BoyerMoore routines possibly inefficient if invoked repeatedly?

Started by l_d_allan, February 21, 2006, 07:14:22 AM

Previous topic - Next topic

l_d_allan

I was looking at the Boyer-Moore search routines for finding a substring within a string, and wanted to check on something.

The three available BM variants seem to work, but are perhaps ill-suited for some (many?) usages when the same substring is being searched for over and over .... which would seem like a common usage.

A scenario: suppose you have a 4 meg memory buffer that is the result of reading in 30,000 lines from a file and you want to determine which lines and how many of these lines contain the substring "Is this long substring in the line?" (... a separate data structure has the lengths of each CrLf delimited line)

For the Horspool (and Simplified?) implementation, the code seems to require that the BadChar shift-table be reloaded each time. For the original Boyer-Moore algorithm, both the BadChar and GoodChar shift-tables are reloaded for each call.

If my understanding is more or less correct, perhaps a preferred implementation would involve two separate steps .... load the shift table(s) ... and a separate call to find the next match .... or perhaps something like Bmh_FindFirst and Bmh_FindNext for the Horspool variant.

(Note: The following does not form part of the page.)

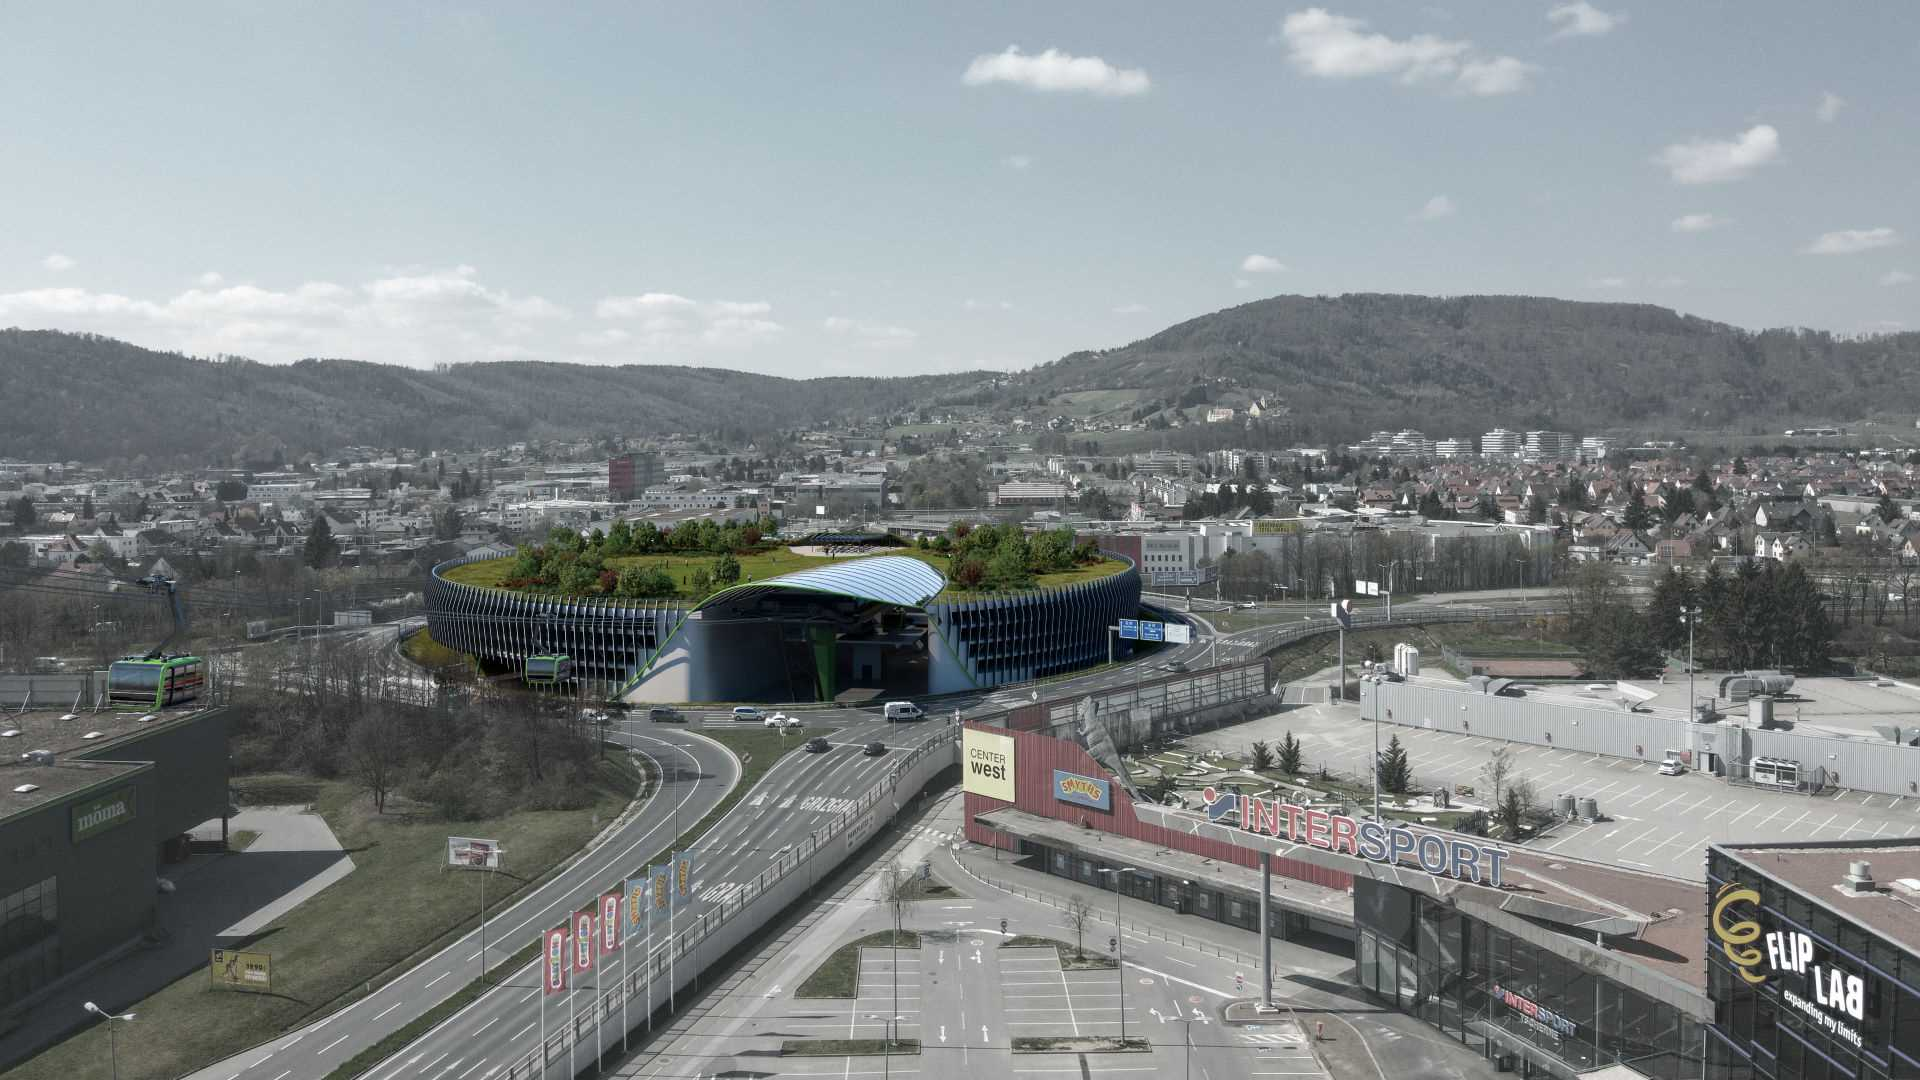 Graz-Webling Cable Car

For the scenario described above, the Bmh_FindFirst function would perform the LoadBadCharShiftTable and would be called once. The Bmh_FindNext would reuse this BadCharShiftTable and be called 30,000 times.

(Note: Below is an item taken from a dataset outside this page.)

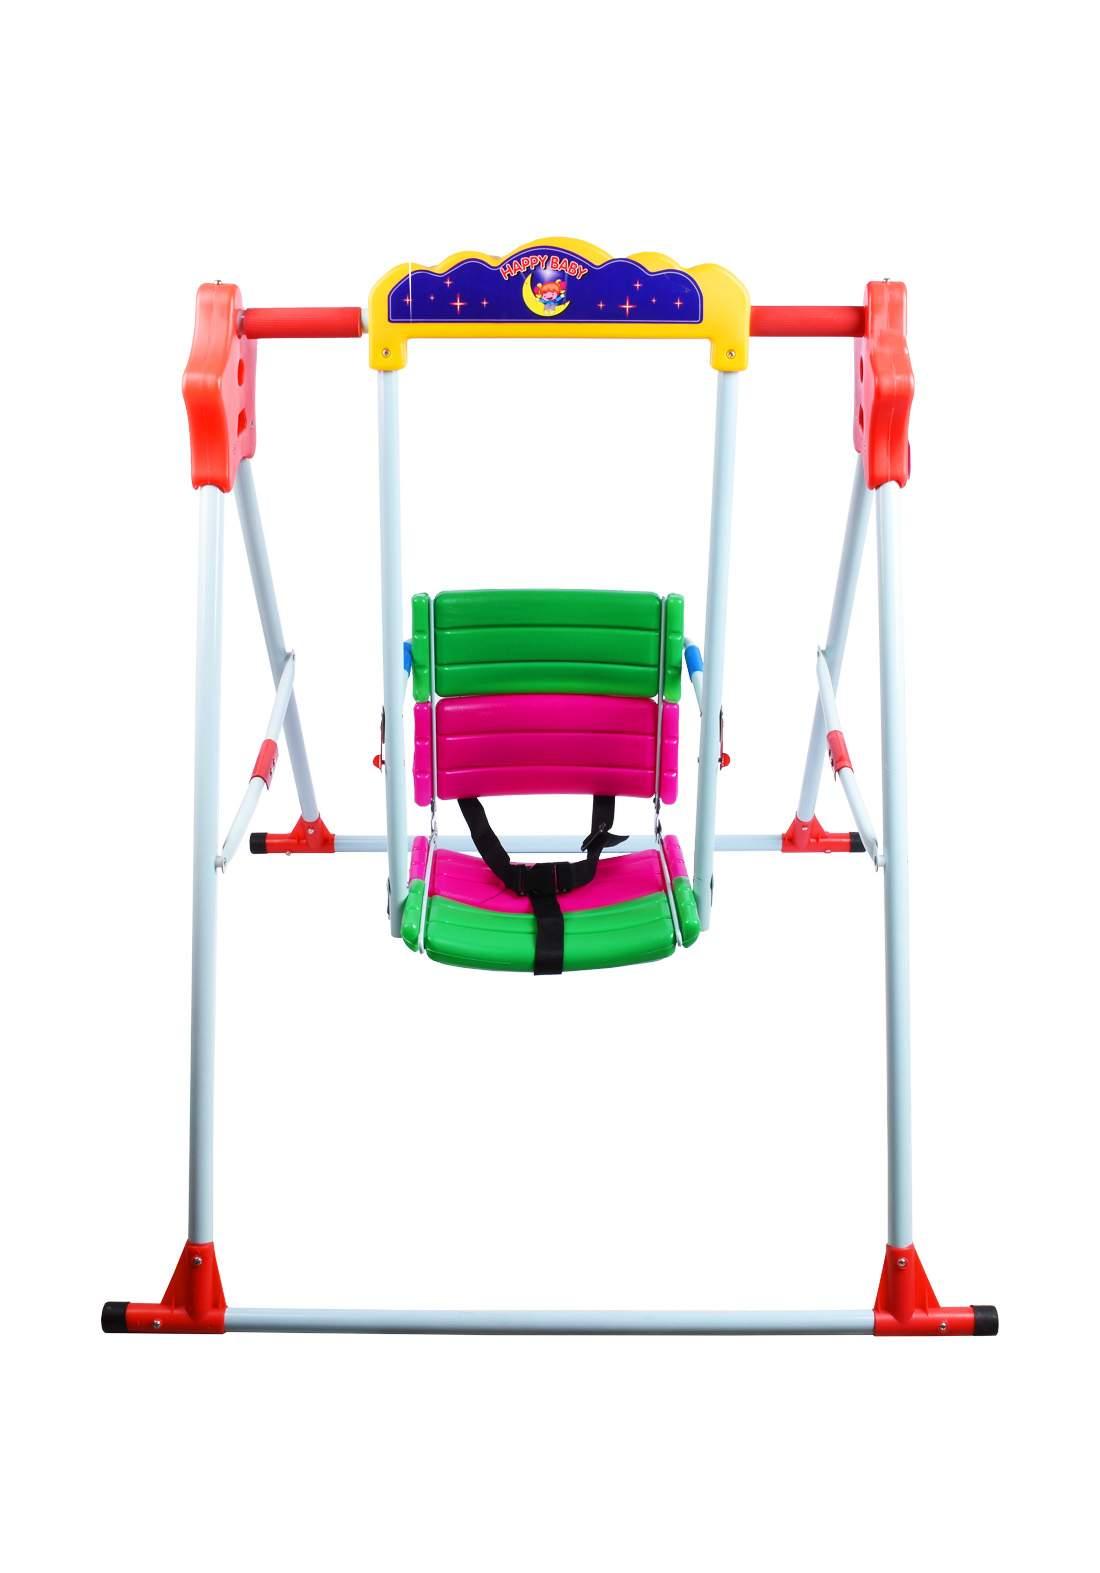 Baby Swing ارجوحة للاطفال

Or perhaps my understanding is incorrect ... I don't suppose there is a way to bypass the BadCharShiftTable loading .... unless the StartPos parameter controls this .... but my less than informed look at SBM.asm and BMH.asm would suggest that startPos doesn't seem to be used that way.

If you think it might be appropriate to implement a two-step approach (something like Bmh_FindFirst and Bmh_FindNext), my x86 skills are far too rusty to be of any direct help, but I could try to code and test C routines .... I don't like to suggest something and not offer to help.


hutch--

I coded those about 5 years ago for a PIII and the usage in mind was searching very long strings but with the application you have in mind, you would use a remote table and pass its address to the BM style routine. This would save you the table build time for each call when you are repeatedly searching the same text in different files or similar.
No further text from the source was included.